FAQ: What’s the Difference between the Old Covenant and the New Covenant?

Scripture talks about the old covenant, the covenant God made with Israel after saving his people from Egypt, and the new covenant, which it contrasts with the old covenant. God made the old covenant through Moses on Mount Sinai. The new covenant was made through Jesus.

But what’s the difference between the old covenant and the new covenant?

Galatians 3 says that before God made the old covenant through Moses, he made a promise to his people through Abraham. This promise was a prophecy related to the new covenant (Gen. 15). Later in the Old Testament, long before Jesus was born, Jeremiah wrote a more direct prophecy about the new covenant:

Behold, the days are coming, declares the Lord, when I will make a new covenant with the house of Israel and the house of Judah, not like the covenant that I made with their fathers on the day when I took them by the hand to bring them out of the land of Egypt, my covenant that they broke, though I was their husband, declares the Lord. For this is the covenant that I will make with the house of Israel after those days, declares the Lord: I will put my law within them, and I will write it on their hearts.

– Jer. 31:31–33

So in the old covenant, God wrote his law on tablets of stone. Now, under the new covenant, given through Jesus Christ, the Holy Spirit writes his law on the hearts of his people. Jesus instituted the new covenant at the Last Supper: “This cup that is poured out for you,” he told his disciples, “is the new covenant my blood” (Luke 22:20).

The old covenant wasn’t defective. It just wasn’t meant to continue forever. There was something greater coming: the new covenant through Christ’s redemptive work. The old covenant was given for a limited time.

Galatians 3 says that the old covenant, or the law, was meant to lead us to Christ. It was like a schoolmaster, teaching God’s people to look ahead to Jesus and the promise of the gospel. Now that we have the promise—the reality—in Christ and the new covenant, we no longer live under the old covenant.

God’s moral law, summarized in the ten commandments, always binds people. But the sacrifices, rituals and civil laws that were part of the old, mosaic covenant are gone. We’re not under Moses; we’re under Jesus Christ. That’s the beauty of what we read about in Jeremiah 31. It’s what the New Testament explains.

Jesus fulfilled the law in our place, so we’re free from it. The moral law guides our lives, but the gospel tells us that, through his perfect life and sacrificial death for us on the cross, Jesus fulfilled the law—he did everything the old covenant required. We’re justified in Christ. We’re free from the condemnation of the law. That’s the new covenant.

And every time we take the Lord’s Supper, we participate in a renewal of the covenant.

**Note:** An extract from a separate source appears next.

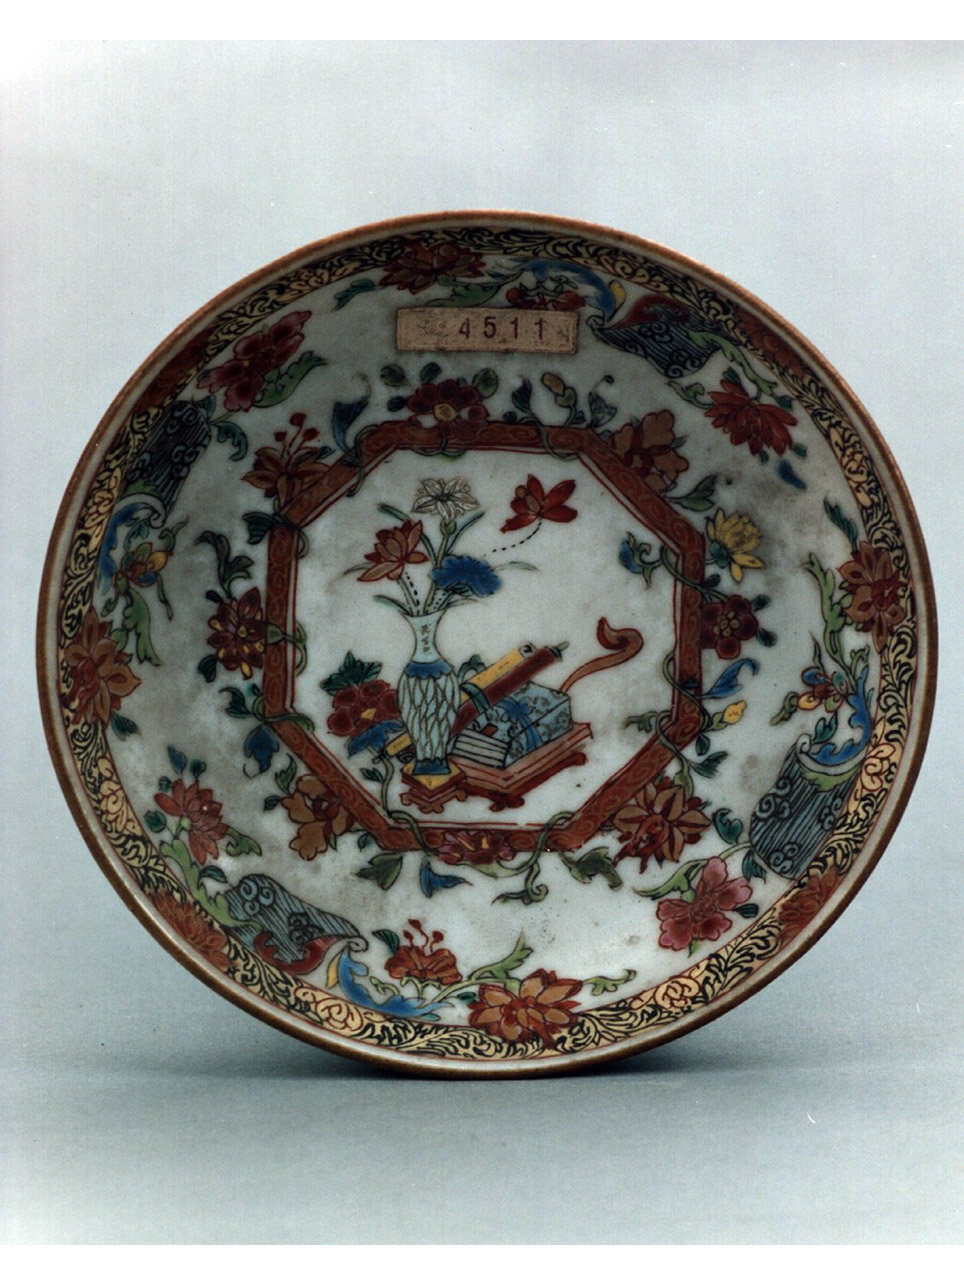 motivi decorativi floreali (piattino) - manifattura cinese (secondo quarto sec. XVIII)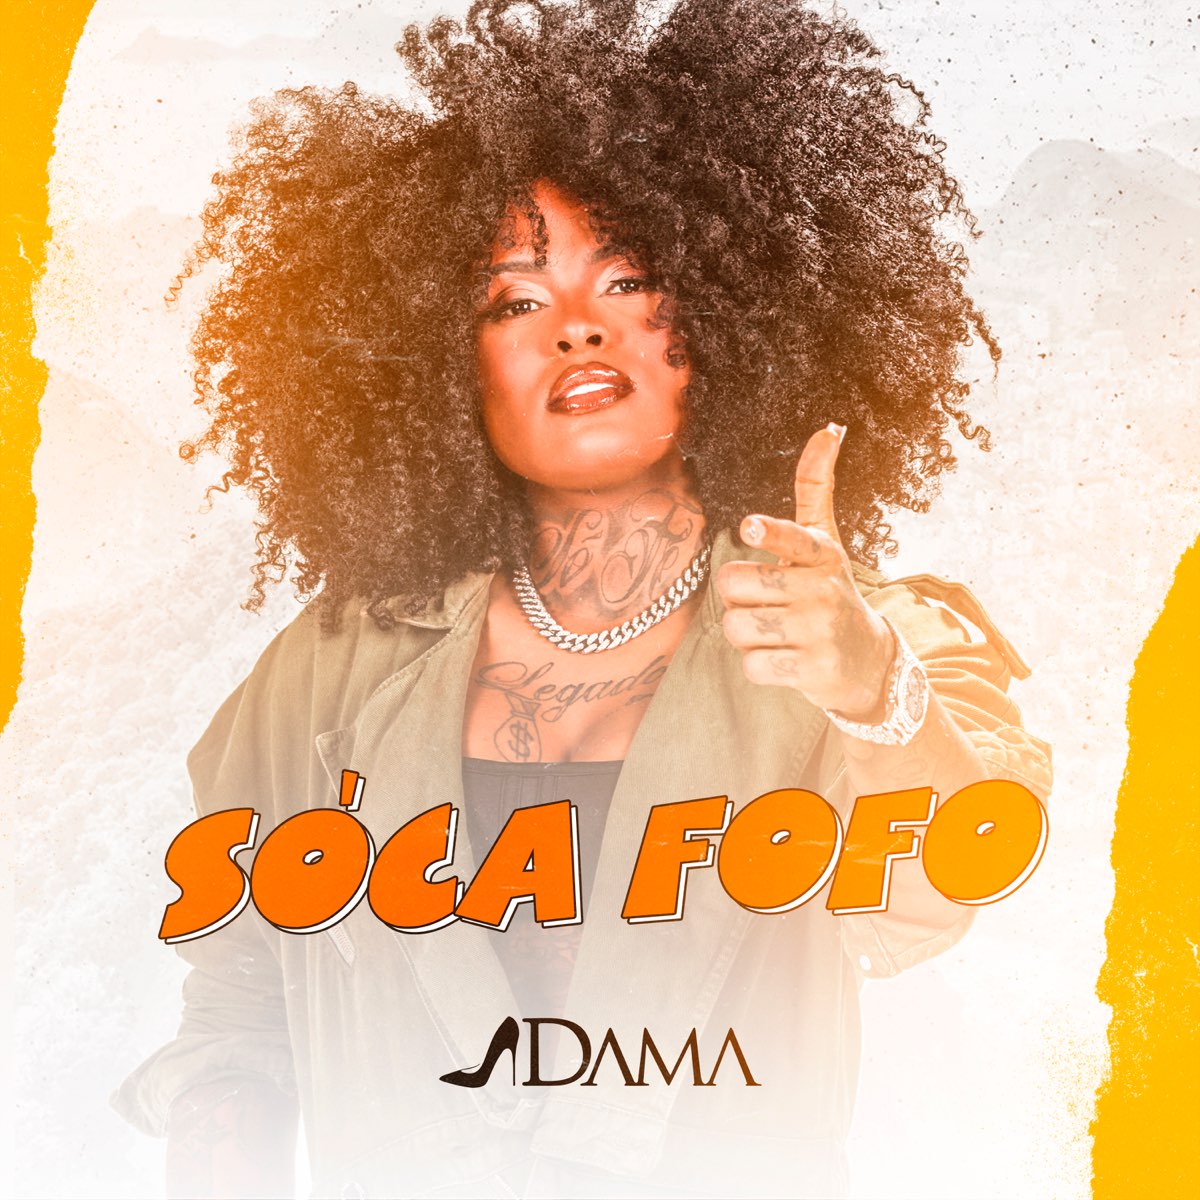 Soca Fofo, Album by Palok no Beat and Mc Roger Camisa 10

You can read more about the differences between the new covenant and the old covenant in the book of Hebrews, particularly Hebrews 8. That chapter emphasizes that the problem was not with the old covenant. The problem was that God’s people broke the covenant. Hebrews and Galatians are two of the best places in the New Testament to study this crucial distinction between the old and the new covenants.

This article is part of our Frequently Asked Questions series. Listen to Pastor Adriel answer this question on Core Radio here.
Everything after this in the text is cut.